Councils also reveal that in 2019 the proportion of the Scotland-wide workforce identifying as Lesbian, Gay and Bisexual [LGB] is 0.69%.  The government’s equality evidence finder reports that the proportion of the Scottish adult population identifying as LGB as at 2017 is 2%.  The final protected characteristic tracked in the research report was religion or belief and with a particular focus on the employment of people who identify as Catholic.  Data published by the 32 Councils reveal that 6.54% of their workforce identify as Catholic people.  The equality evidence finder on government’s web site provides the wider context that in Scotland 14.3% of the adult population identifies as Catholic people.
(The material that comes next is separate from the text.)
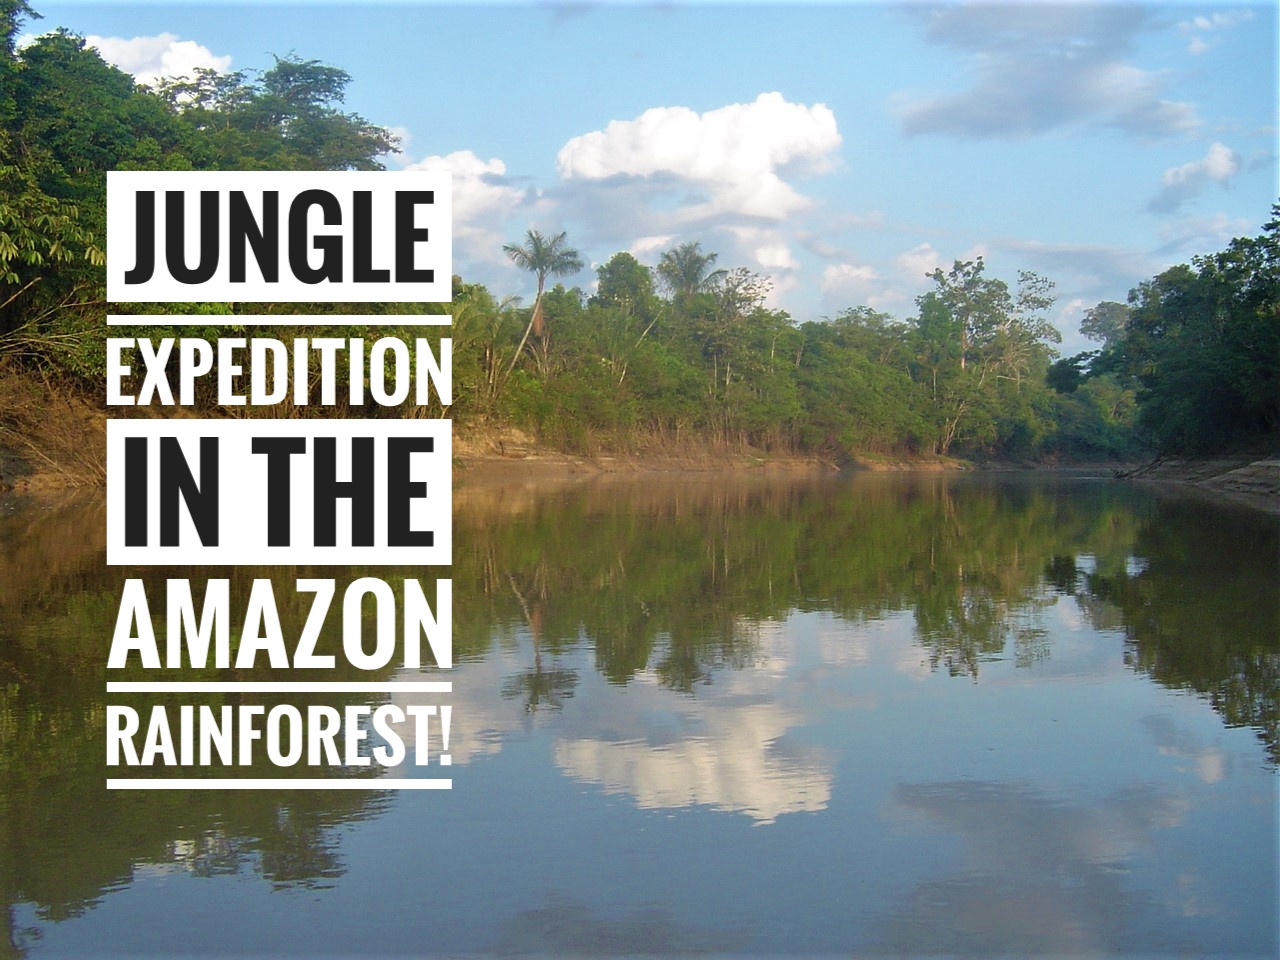 Jungle Expedition in the Amazon Rainforest!

These basic numbers reveal all too clearly that Scotland’s Councils are light years away from being even close to delivering employment equality, after having had 10 years of opportunity to make the aims of the Equality Act 2010 a reality for people looking to escape discrimination and gain equal access to employment.  There are no obvious reasons why this should be the case.  Applying Occam’s razor would suggest the most likely reason for the complete and sustained failure is that there is a marked lack of appetite in local government for changing a status quo in a Scotland which is largely run by and for WASP [White Anglo Saxon Protestant] privilege.


For Scottish government and the Equality & Human Rights Commission [EHRC] to be aware of this and not to actively intervene and drive the real change required, suggests WASP privilege is similarly indulged by government and the EHRC.